Task brief:
Your answer must be an exact copy of the listing, with the images left out.

Source data:

• • •

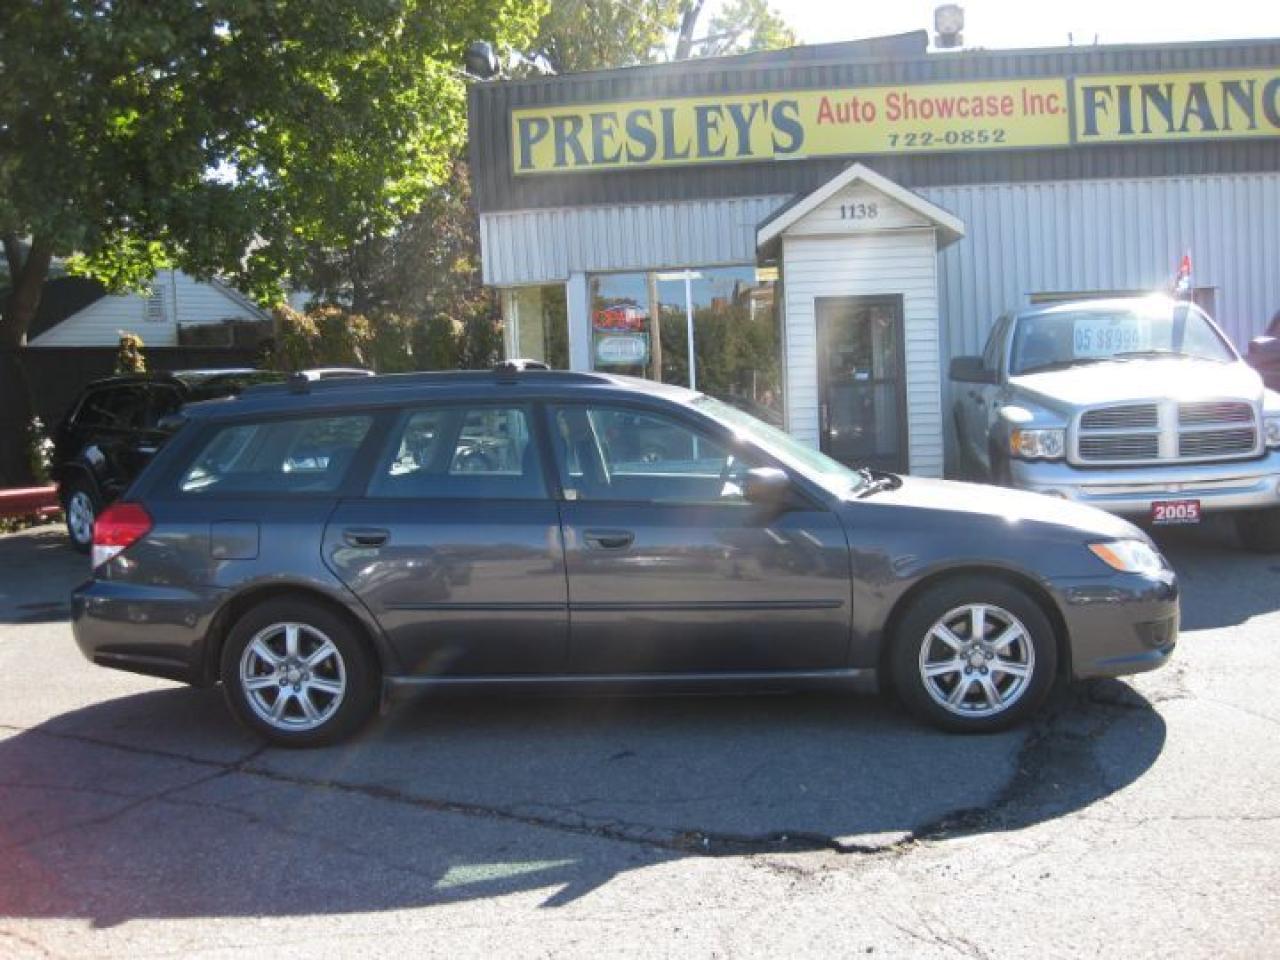 2008 Subaru Legacy 4cyl, AWD, 2.5L,htd seats, p/w p/l cruise, alloys
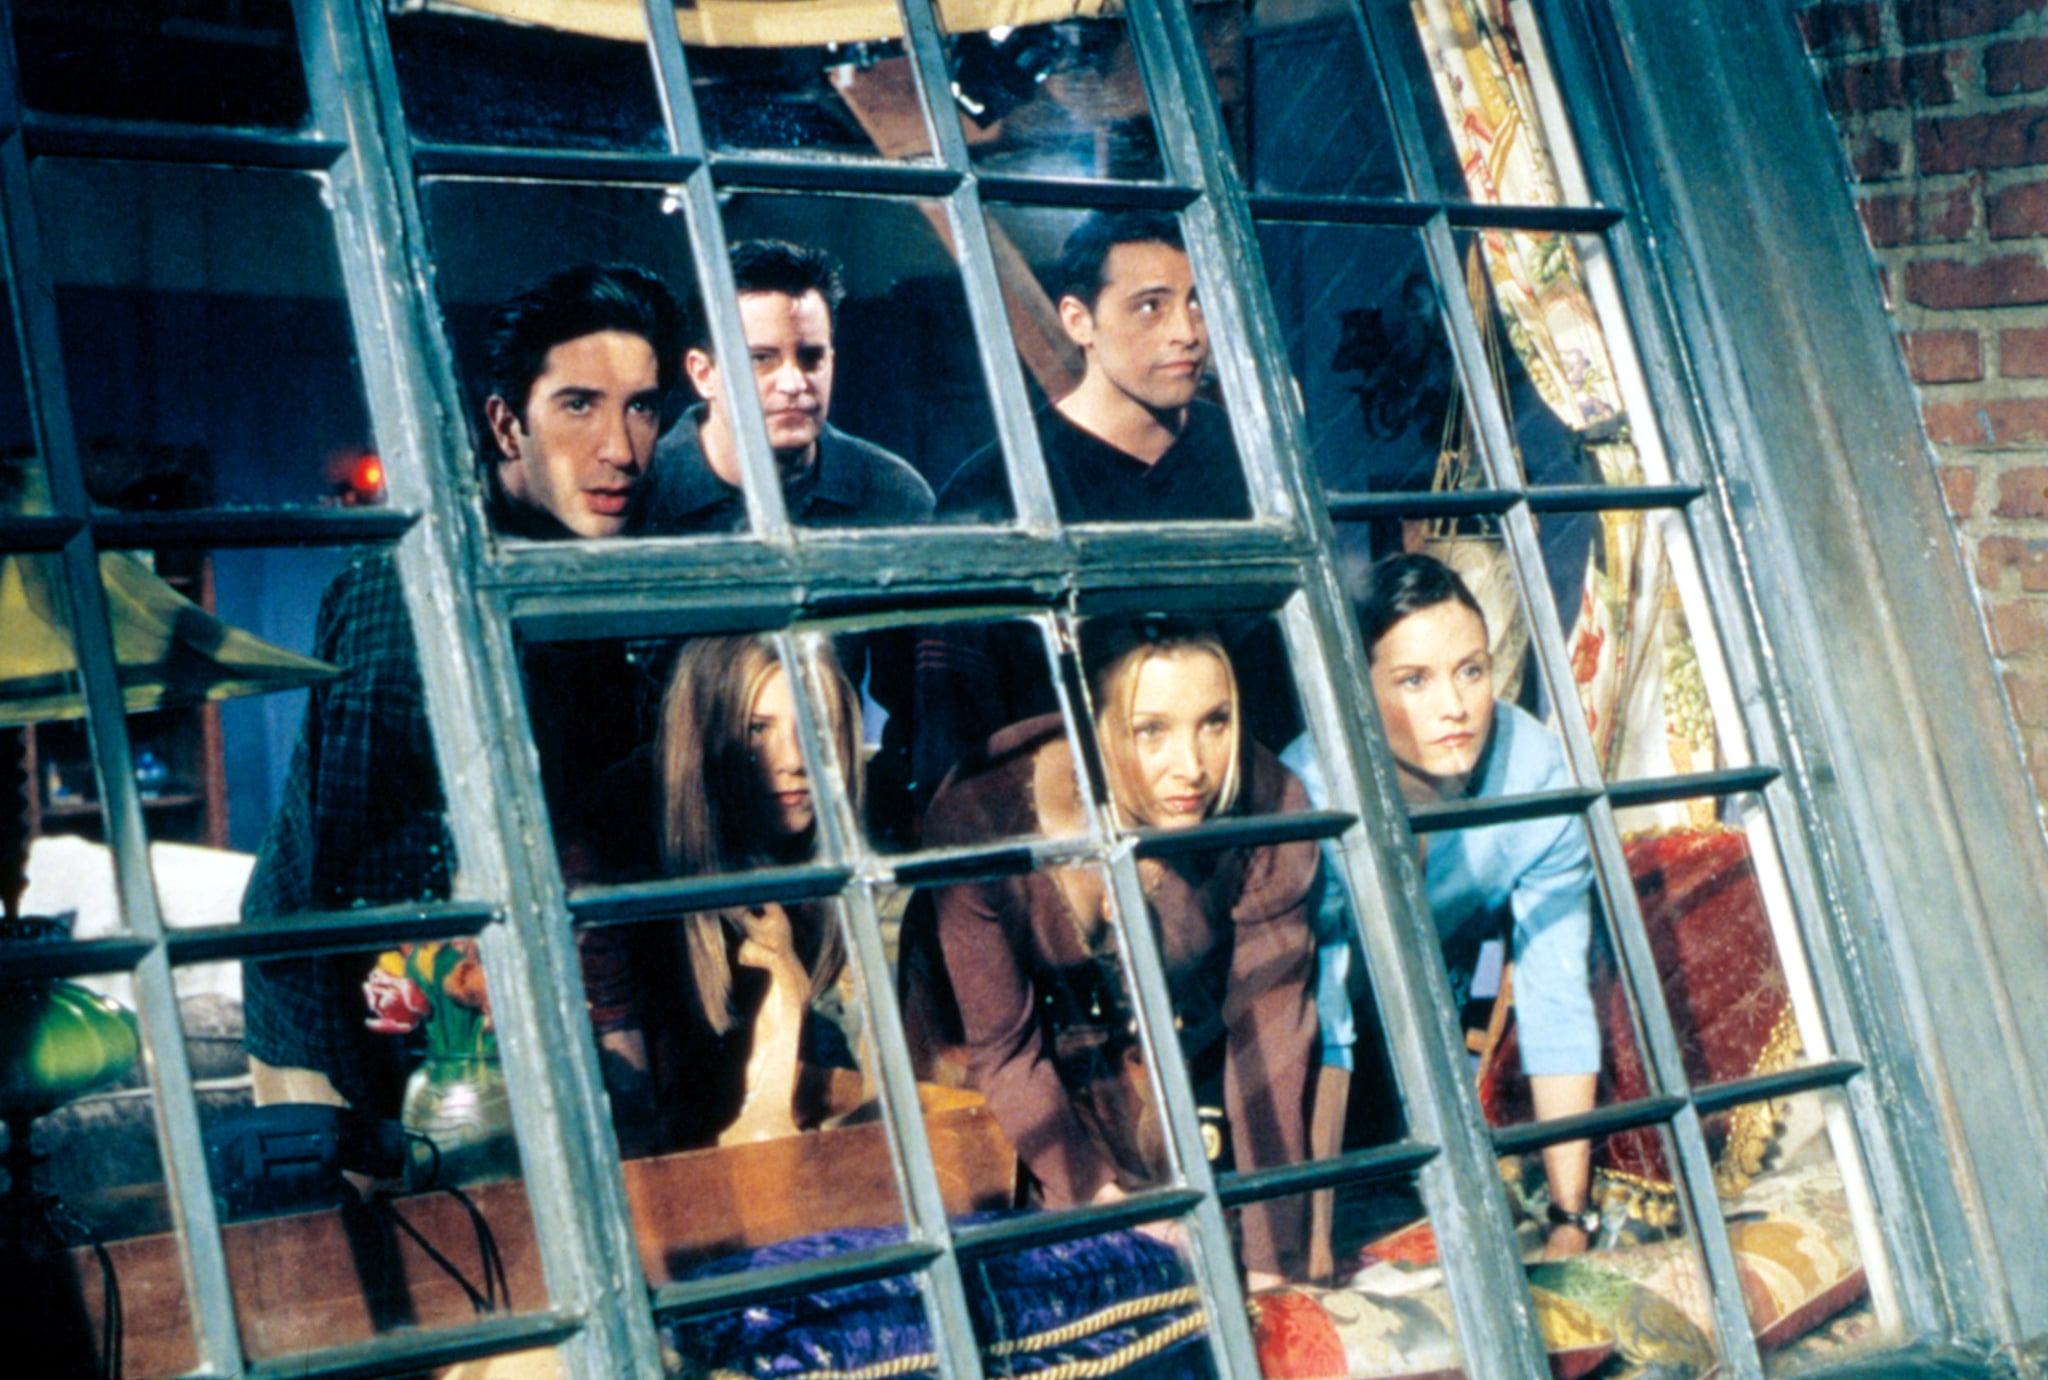 FRIENDS, David Schwimmer, Matthew Perry, Matt LeBlanc, Jennifer Aniston, Lisa Kudrow, Courteney Cox, 'The One Where Everybody Finds Out', Season 5, ep. 14, 1994-2004,  Warner Bros. / Courtesy: Everett Collection
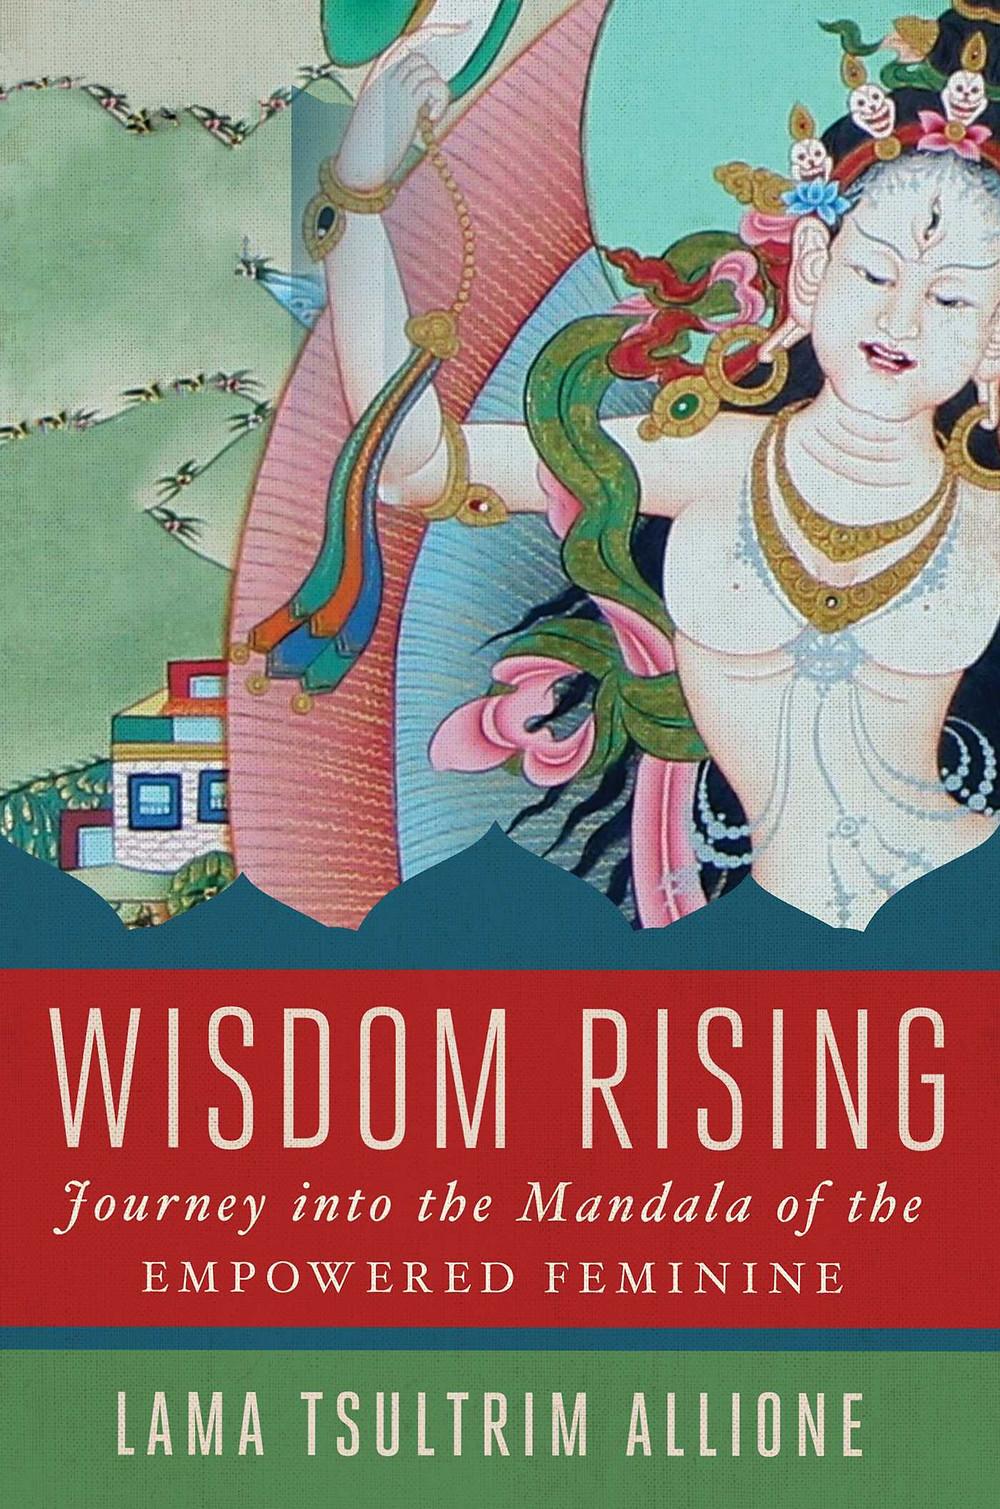 Wisdom Rising: Journey into the Mandala of the Empowered Feminine by Lama Tsultrim Allione, 2018.
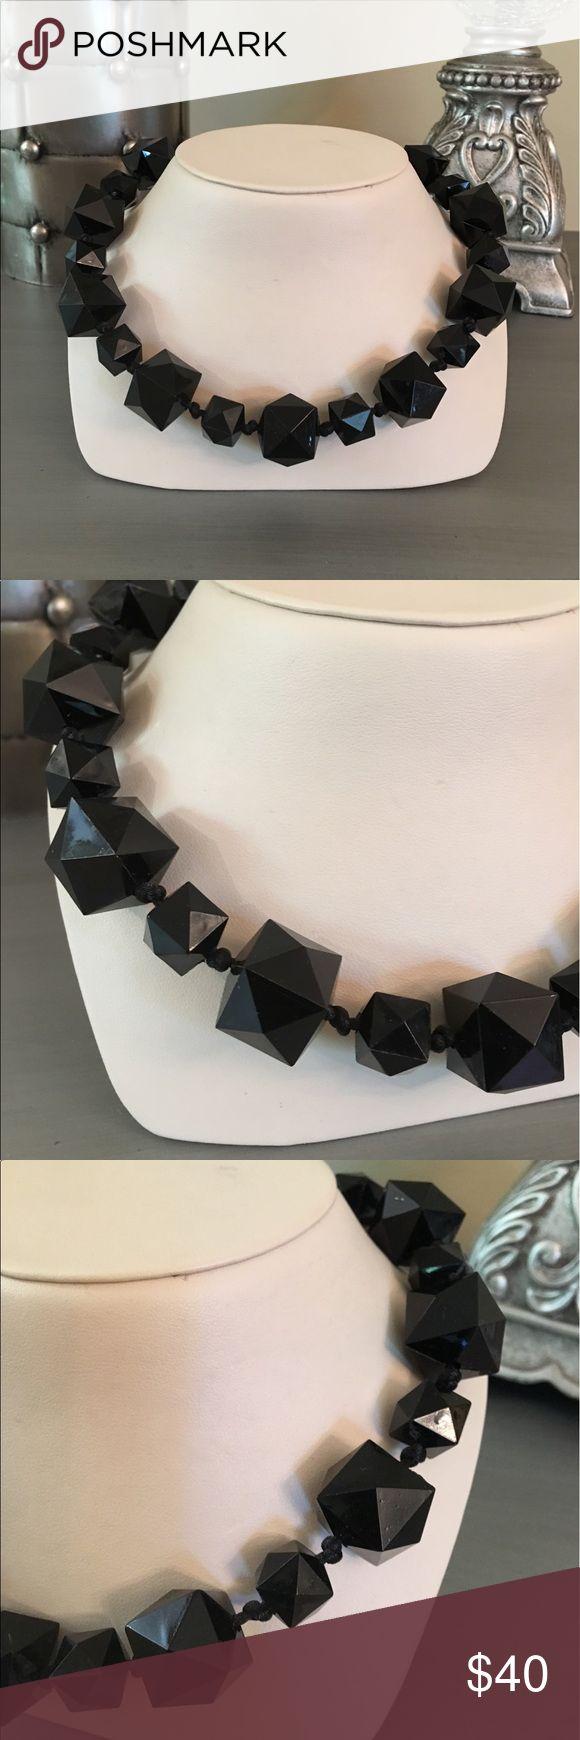 🛍 Robert Rose Black Beaded Necklace Adjustable length Robert Rose Jewelry Necklaces

• • •

Task solution:
 2008 Subaru Legacy 4cyl, AWD, 2.5L,htd seats, p/w p/l cruise, alloys
 FRIENDS, David Schwimmer, Matthew Perry, Matt LeBlanc, Jennifer Aniston, Lisa Kudrow, Courteney Cox, 'The One Where Everybody Finds Out', Season 5, ep. 14, 1994-2004,  Warner Bros. / Courtesy: Everett Collection
 Wisdom Rising: Journey into the Mandala of the Empowered Feminine by Lama Tsultrim Allione, 2018.
 🛍 Robert Rose Black Beaded Necklace Adjustable length Robert Rose Jewelry Necklaces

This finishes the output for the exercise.